バイオメカニクス

ちょうど私が大学2回生の頃だったでしょうか。

西宮神社の福男選びの一番福 吉田光一郎さんとの出会いがあった。
ちょうど私が大学時代で練習の『質』について考え始めていたころにあった頃でした。

短距離には様々な理論・方法論があり頂点へ向けての辿り着き方は十人十色。

ただその中でも外してはいけないポイントが存在していて、その答えを知った上でどのような
方法論をもって結果を導きだすか?というのが所謂理論のところに当たる。

その外してはいけないバイメカの部分を伊藤教授と吉田さんとの対談の中で学んだ。

2006年くらいでしょうか。私の競技に関してのパラダイム変化が起こったのは‥

例えば画像のようにもも上げにおける振り上げ角度、ひきつけ角度、振り出し角度と疾走速度に相関関係がないという
データ。

今で「もも高く上げましょう!」「つま先で接地しましょう」というような指導をしている指導やそういう教え方をされている
んだろうな…という動きを見かけることがある。

ももが上がっているように見えるのはあくまでもその選手の動きによって現れる結果の部分であり、狙ってはいないというもの。

これはあくまでも一部ですが、そういった中間疾走局面の分析データを何度も何度も見て…勉強したのを今でも思い出します。
※今でも見ていますが‥(笑)

どういうキックが理想で、そこに向かってどういうトレーニングをしていくと疾走動作が高まるのか。

これを考えな実践と結果をどこまで合致させながら効率的なトレーニングと疾走フォーム・意識を見つけていくかが‥
最短ルートだと考えています。

「速く走る」という目的があって、そこに向かって闇雲に走りまわるのではなく、ある程度ゴールを見据えて方法論を
導きだしていくことが大切です。

それは年齢によってもやるべきことは変わってくるでしょうし、体格によっても個人差は出てくる。

それを誰に聞いても100%の意識・方法は見つかるわけではない。これもまた納得できる。
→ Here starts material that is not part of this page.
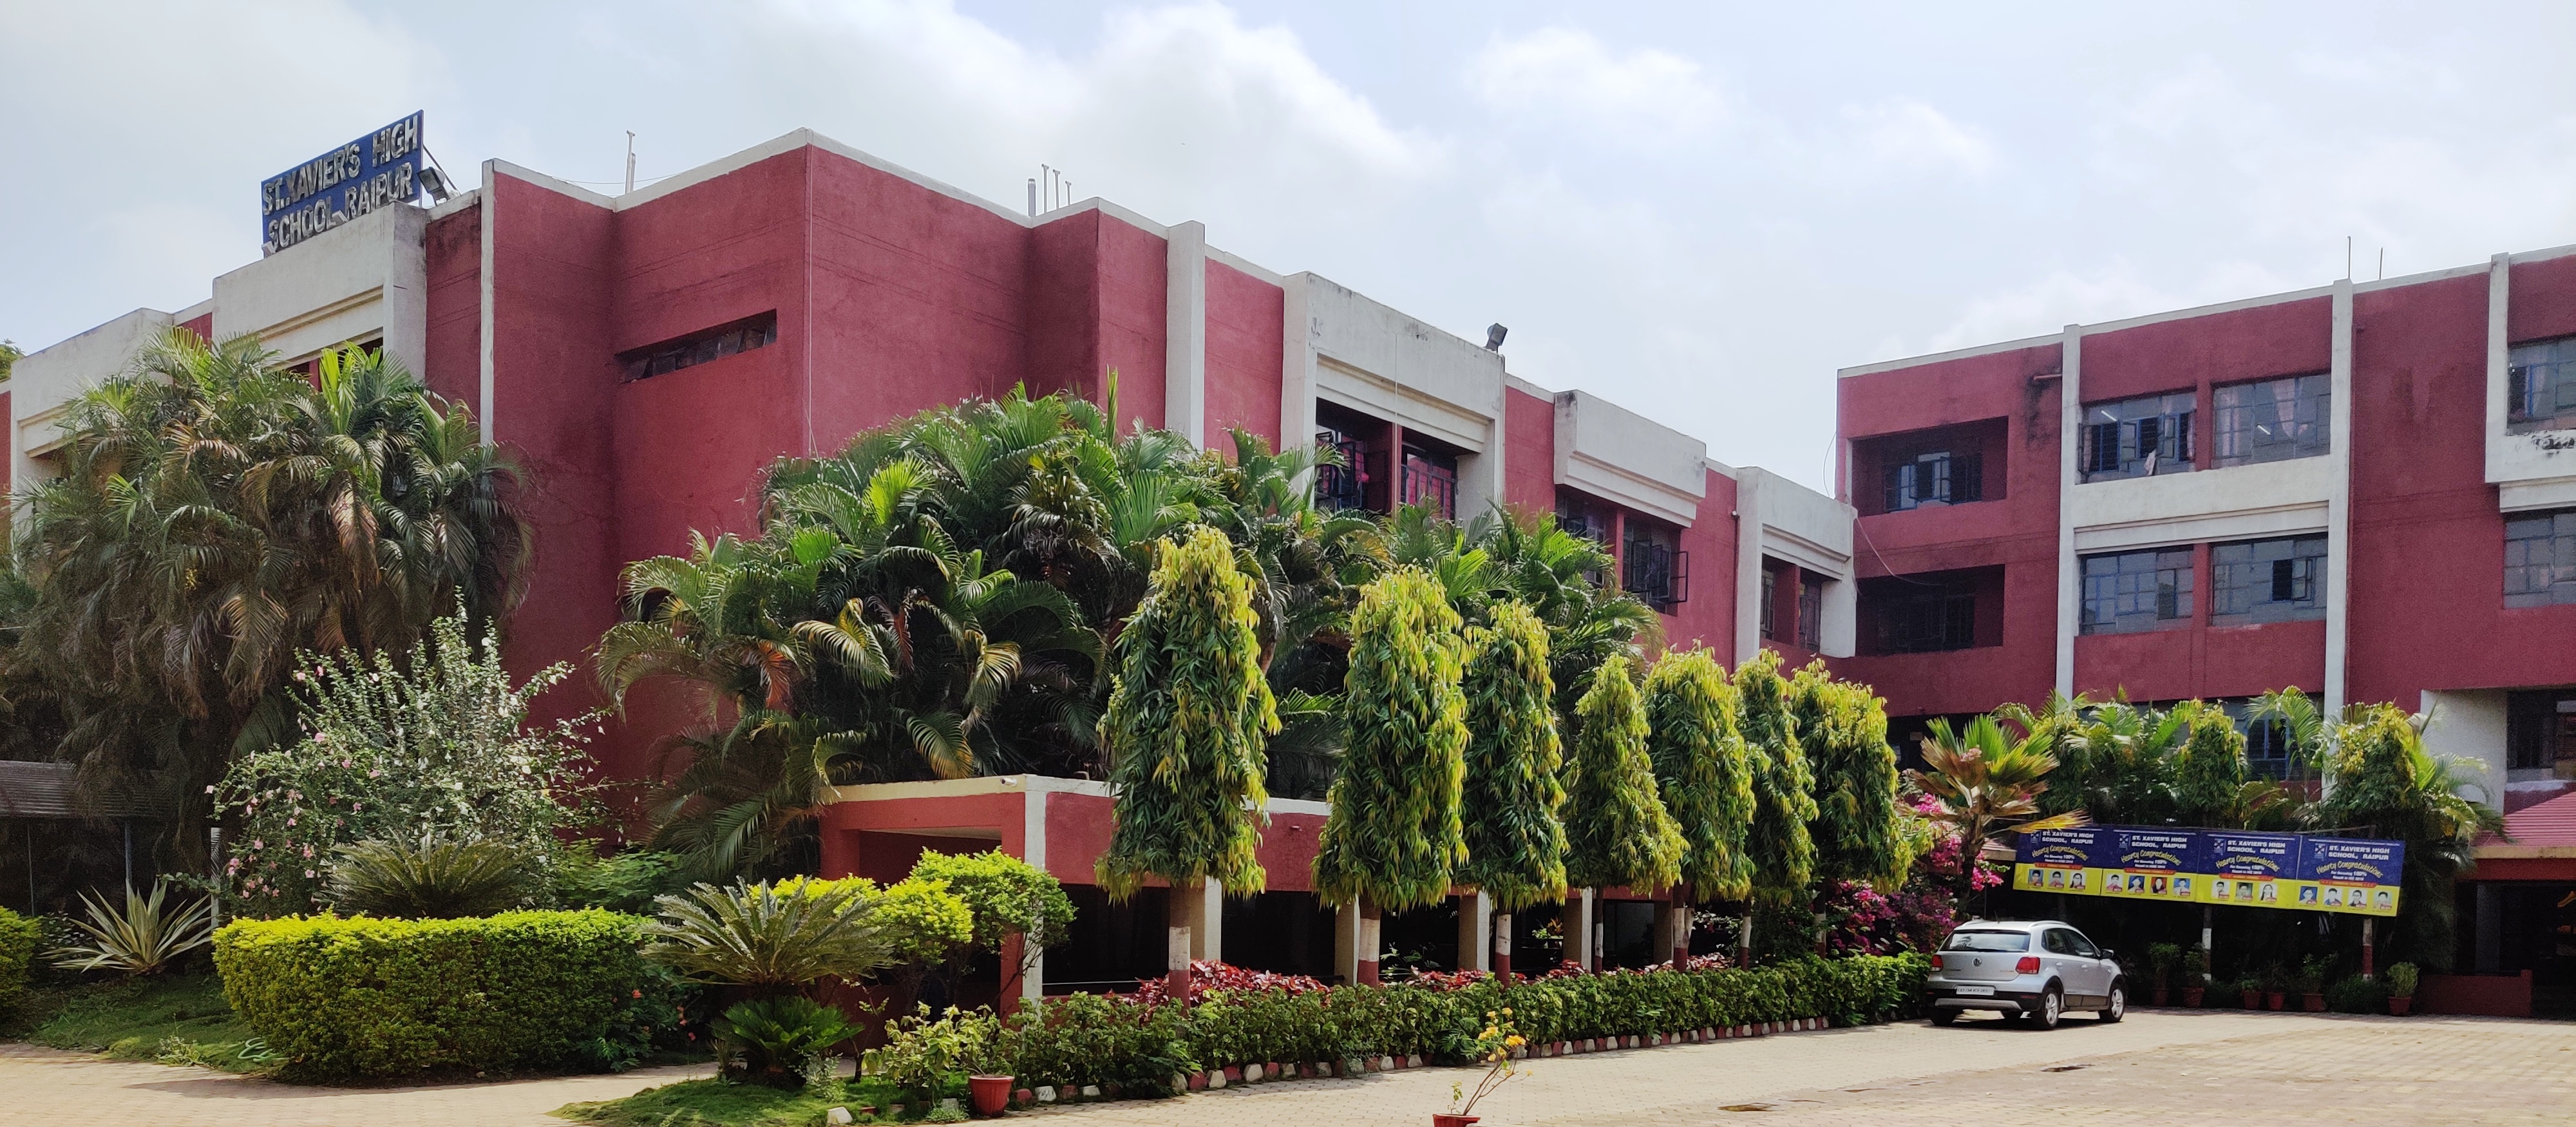 St. Xavier’s High School, Ravigram, Raipur - Reimagining Education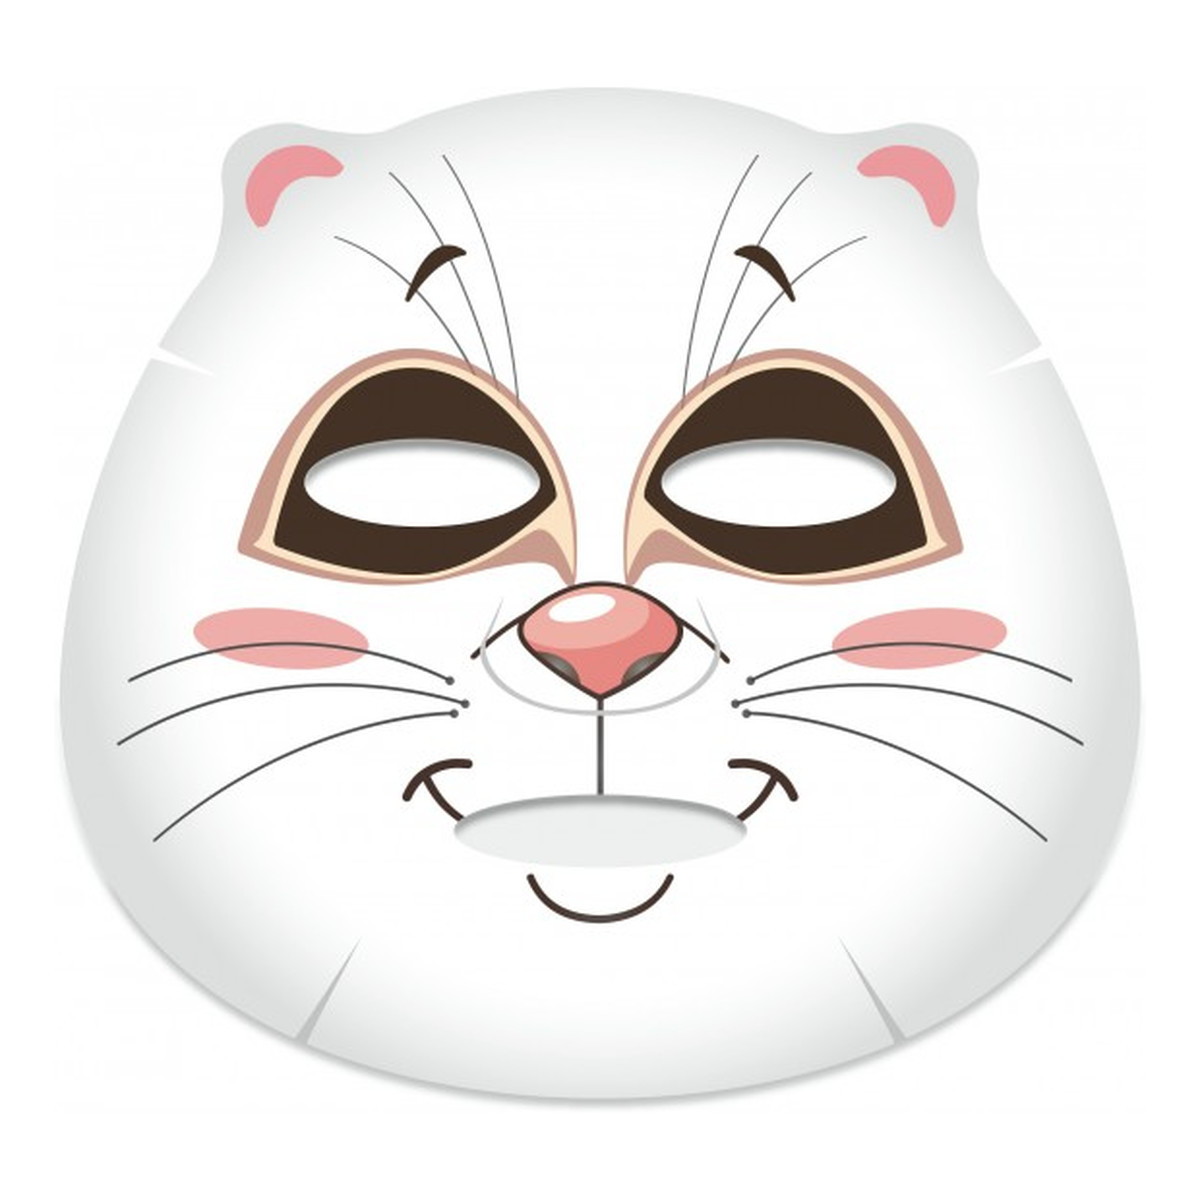 Belleza Castillo Edge Cutimal Cat Whitening Mask 25g

ただ、一流選手の話しを聞いていく過程で共通して出てくる感覚(ニュアンス)は若干違いますが‥
が出てくるし、レースを行う上でここは外せないよね ってポイントは少なからず存在する。

この情報を聞き出すのって案外難しい。(笑)

というかライバルでいる内は聞けないし教えてもくれないだろう。「核」の部分ですからね。
今まで本気で陸上と向き合ってきて色んなことを試してきたから今聞いてわかることもある。

 

だから指導を行う上では感覚だけ成長してもだめだし、知識だけが先行してもだめで‥経験と実践でのGAPを埋めれている
選手の言葉ってやっぱり説得力のある言葉になる。

私の発する言葉もそうですが、私はあくまでも10秒4までの感覚しかないわけで10秒1・2の人の話しや意識を聞いたり、一緒に
レースしたことはあっても、その動きに辿りつけたわけではない。

だからこそ10秒1.2の人が何を考えて動いているのかってすごくマニアックな部分の話しもすごく為になるし、子供たちが
成長したときに当時〇〇選手がこんな事を意識してこんな感覚だったらしいという経験談もあうとプットしてあげたいと思う。

 

短距離の動きに正解はない!

調子・体調によっては普段と真逆の意識をしないと動きが成立しないことさえある。

 

でもその引き出しがあるかないか‥柔軟な対応力があるかないかで全然レベルの違う選手になっていく。

指導をする上で人間的は成長はもちろんですが、そういった土台があり吸収できるタイミングを見ながら
情報・経験をアウトプットできる指導者になりたいと思います。